In some embodiments, in addition to circulating the priming fluid in the first direction with a high flow rate for a first time period, and thereafter circulating the priming fluid in the second direction with a low flow rate for a second time period, the method includes circulating the priming fluid in the second direction at a high flow rate through the first side 2a. More gas bubbles may accordingly be removed from the fiber lumens and collected in the gas collection chamber 5. Circulating the priming fluid in the second direction at a high flow rate through the first side 2a is performed for a third time period. The third time period follows after the second time period, typically directly after the second time period. The third time period may have the same length as the second time period, hence between 3 to 10 seconds.
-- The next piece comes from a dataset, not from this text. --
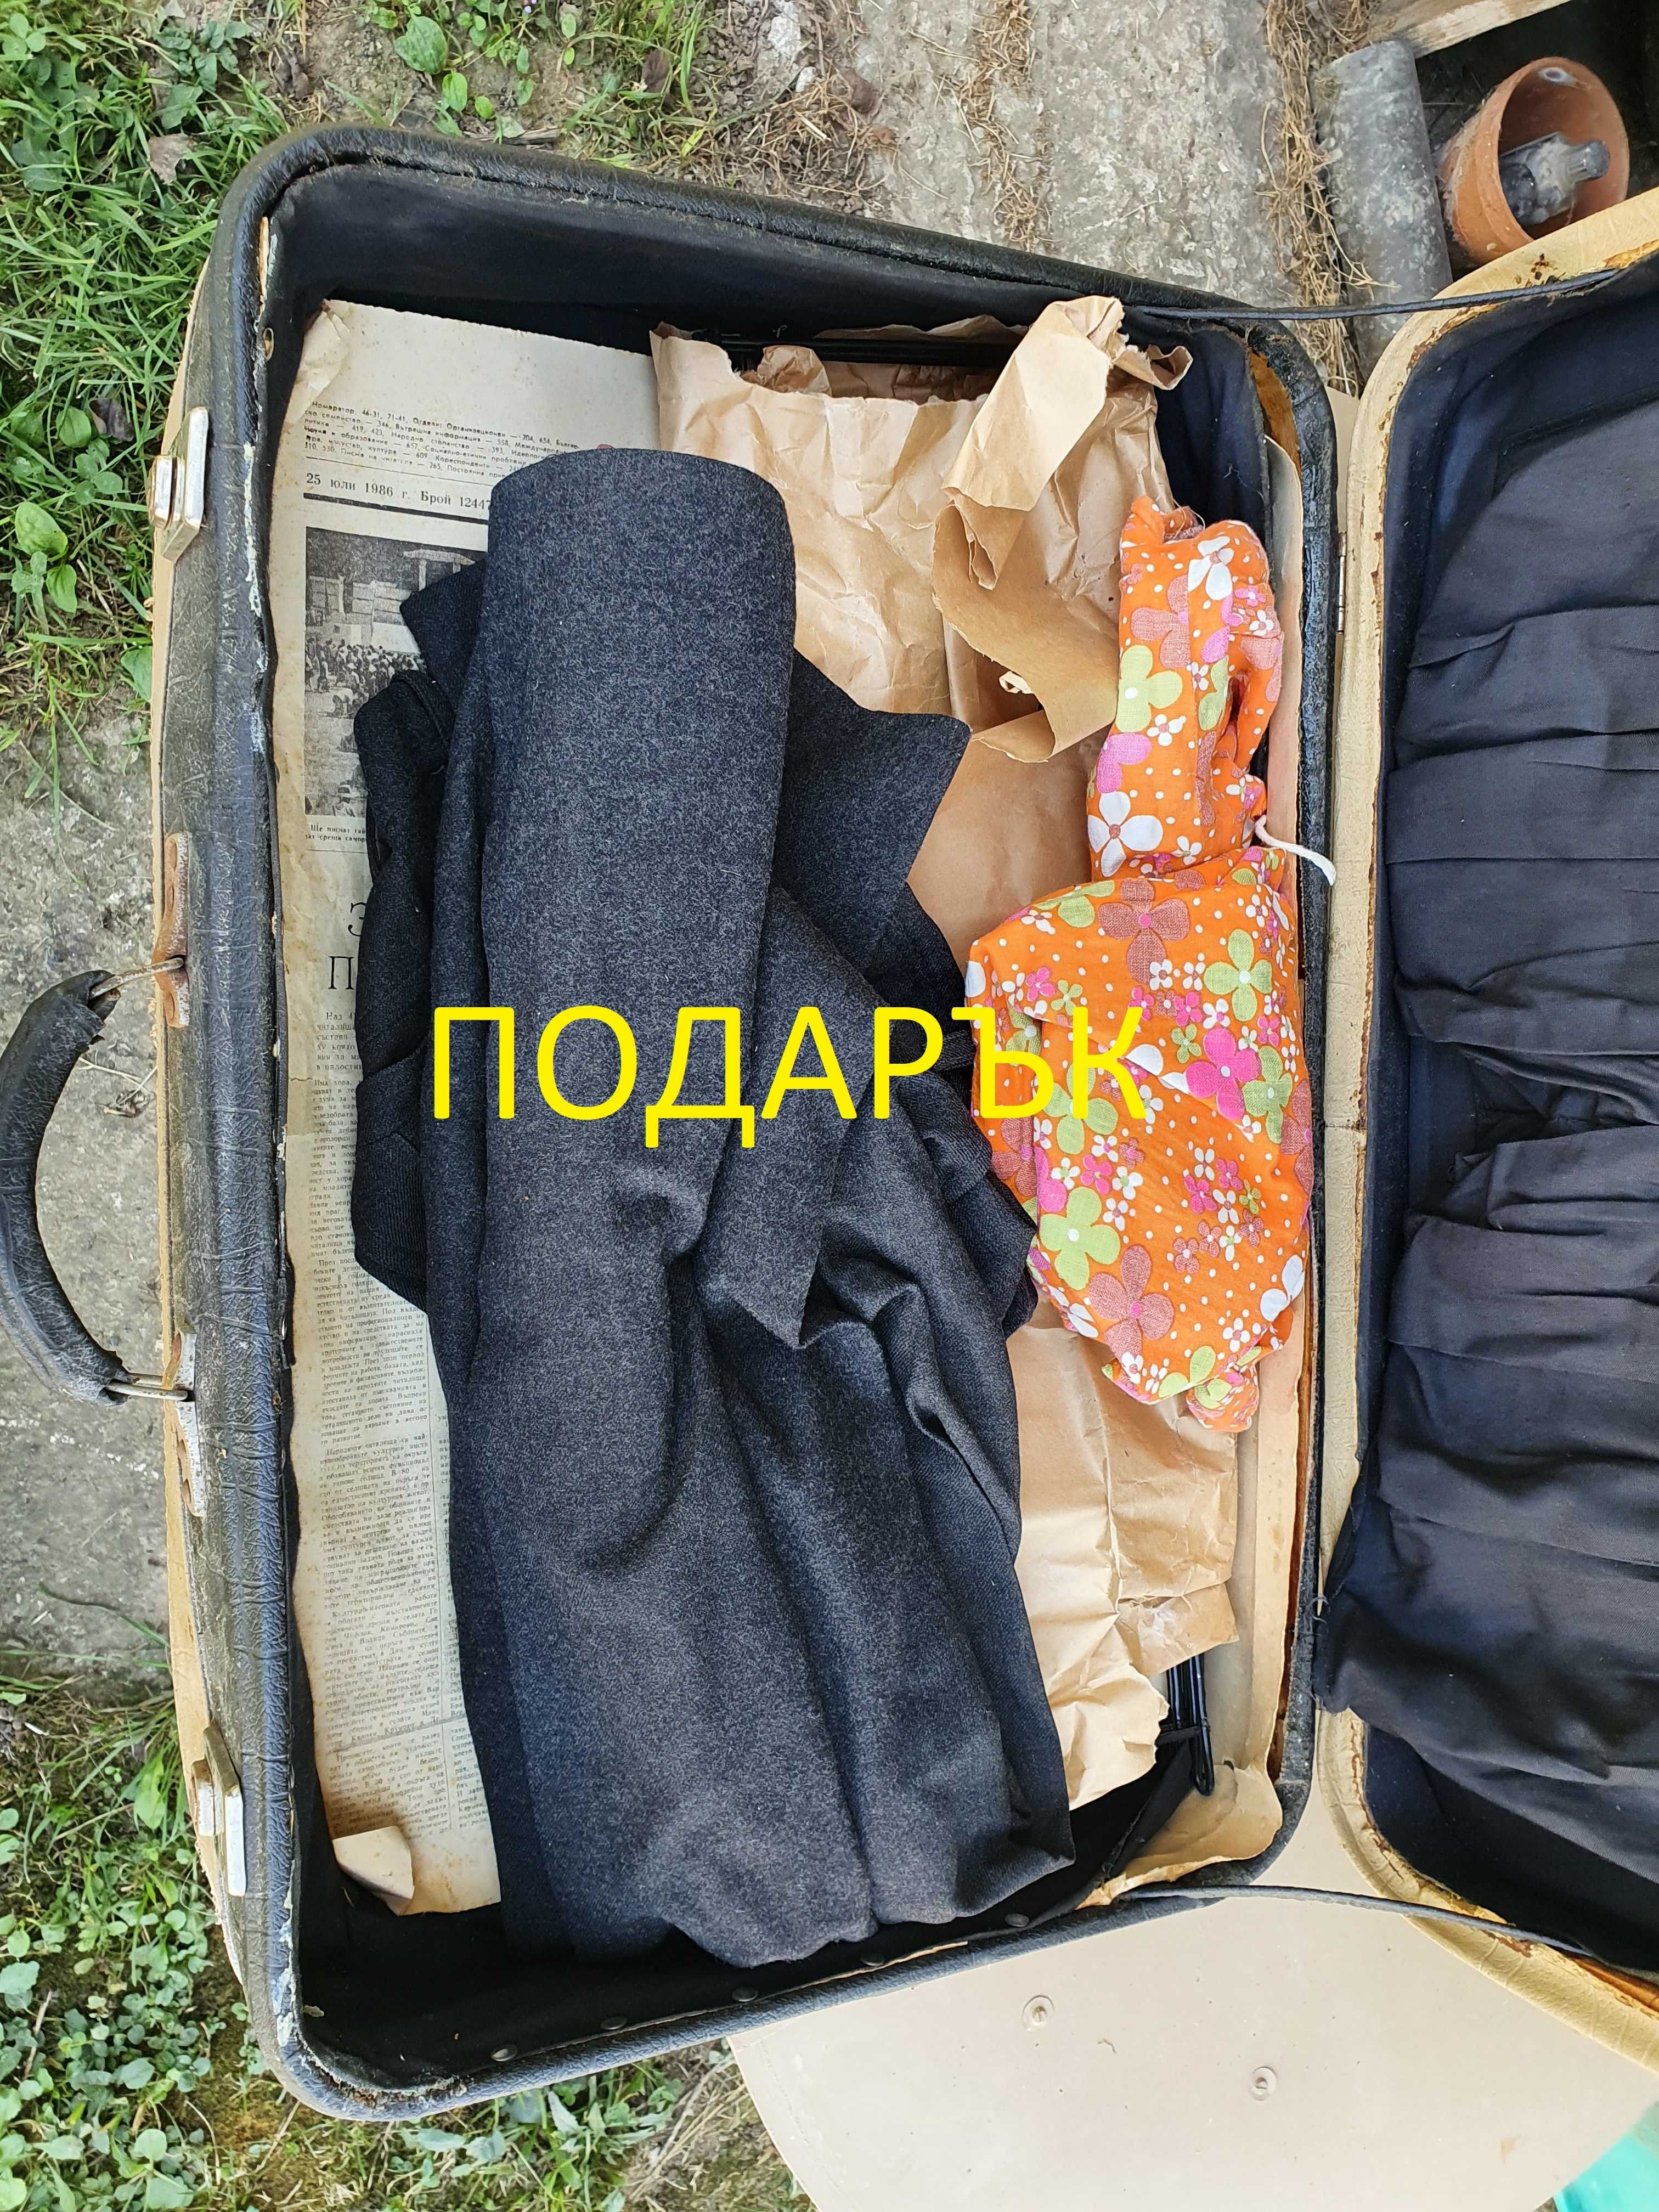 Немски ретро туристически куфар (за пътуване) с колелца, втори подарък
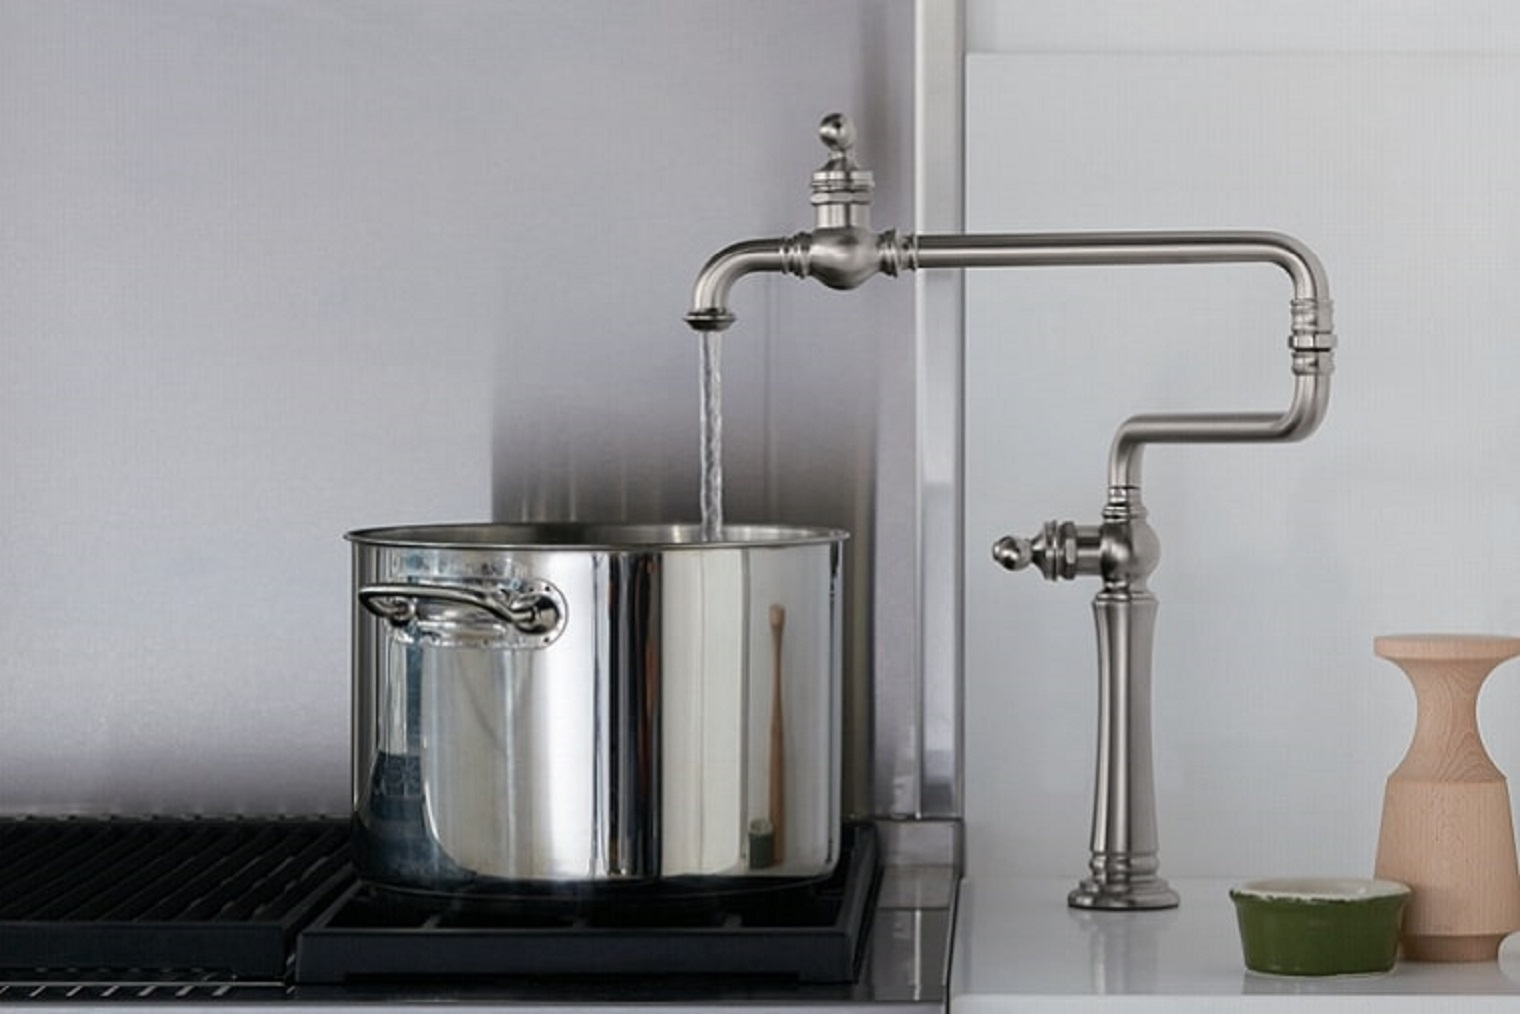 水まわりの利便性を向上させたい！キッチン用水栓の選び方とは？

The first side 2a has now been primed and is presumably gas-free, at least free from larger gas bubbles. This also means that the one or more predetermined priming criteria has been fulfilled for the first side 2a. In some embodiments, upon the one or more predetermined priming criteria being fulfilled, the method comprises providing fluid from a solution source 15 via a second flow path to the inlet port L _in to the second side 2b which is arranged below the outlet port L _out of the second side 2b. Alternatively, the providing fluid from a solution source 15 to the second side 2b is performed before, during and/or after the priming of the first side 2a. The fluid from the solution source 15 is typically a concentrate solution that is to be provided to the second side 2b during dialysis fluid production. Hence, the priming of the second side 2b may also be a start of the process of diluting the concentrate. The second side 2b is filled from bottom and up as illustrated in Fig. 4E, and any gas at the second side 2b is transported by the diluted concentration solution to a collection chamber (Fig. 5, ref 16). As the second side 2b is located along the outside of the lumen (shell side), gas does not get trapped that easily at the second side 2b. After the second side 2b is filled, the priming of the FO-unit 2 is completed. The FO-unit 2 can now efficiently produce a diluted dialysis concentrate fluid. In Fig. 4E it is illustrated that a feed fluid flows at the first side 2a and a draw fluid flows at the second side 2b.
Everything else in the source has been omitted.